Possible types of factual incorrectness:
• Misrepresentation: This involves presenting information in a way that is misleading or
gives a false impression. This could be done by exaggerating certain aspects, understating
others, or twisting facts to fit a particular narrative.
• Inaccurate Quantities or Measurements: Factual incorrectness can occur when precise
quantities, measurements, or statistics are misrepresented, whether by error or intent.
• False Attribution: Incorrectly attributing a statement, idea, or action to a person or
group is another form of factual incorrectness.
• Fabrication: Making up data, sources, or events is a severe form of factual incorrectness.
This involves creating “facts” that have no basis in reality.
5. Methodology
5.1. Why Prompting?
Prompting is a valuable approach to solving multilabel classification problems for several
reasons:
– Natural Language Bridge: Prompting allows the use of natural language to bridge the
gap between machine learning models and complex tasks without the need for extensive
reprogramming or model redesign. It essentially converts the classification task into a
text generation problem, which large language models are inherently good at solving.
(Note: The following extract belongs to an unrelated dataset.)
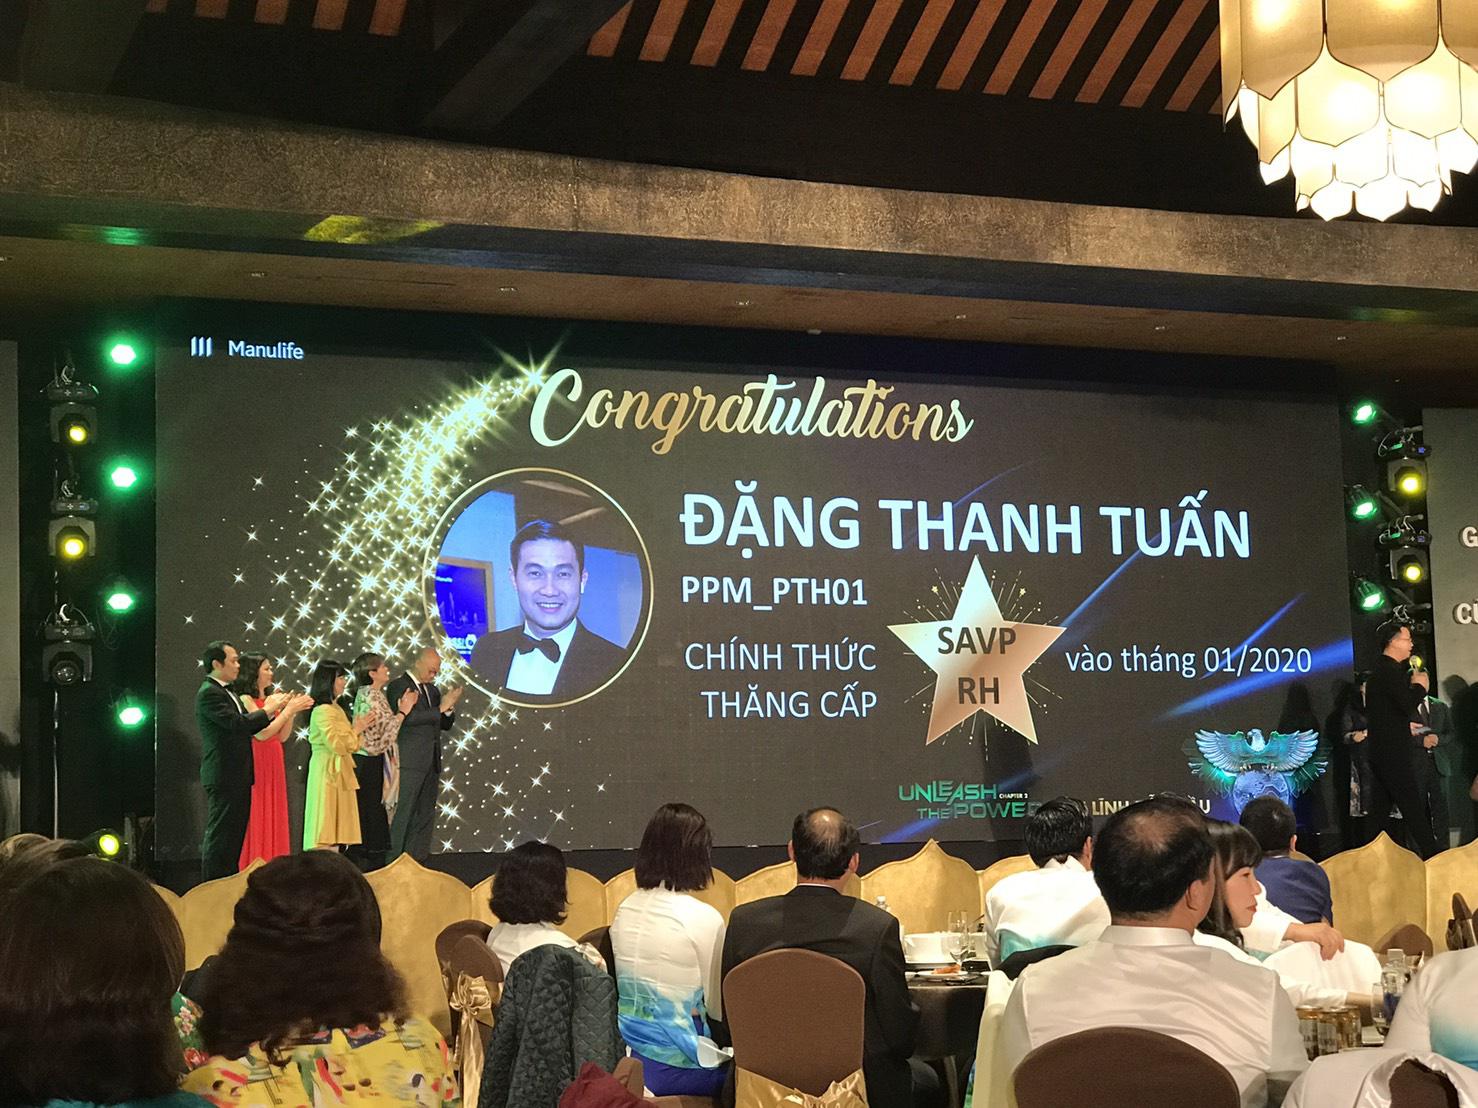 Thành công với triết lý Phát triển con người: Đặng Thanh Tuấn - người truyền lửa cho nhiều bạn trẻ khởi nghiệp - Ảnh 1.

– Transfer Learning: Through prompting, models that have been trained on vast datasets
can apply their learned knowledge to classify data across multiple labels. This transfer
learning is efficient because it leverages pre-existing knowledge without the need for
extensive additional training on specialized datasets.
– Flexibility: Prompt-based approaches are highly flexible and easily adapted to different
tasks and domains. This is particularly useful in multilabel classification, where the
relationships and distinctions between categories can be nuanced and context-dependent.
– Efficiency: Prompting can reduce the need for large annotated datasets that are typi-
cally required to train multi-label classifiers. By using prompts, models can often make
predictions without any examples(Zero-Shot classification).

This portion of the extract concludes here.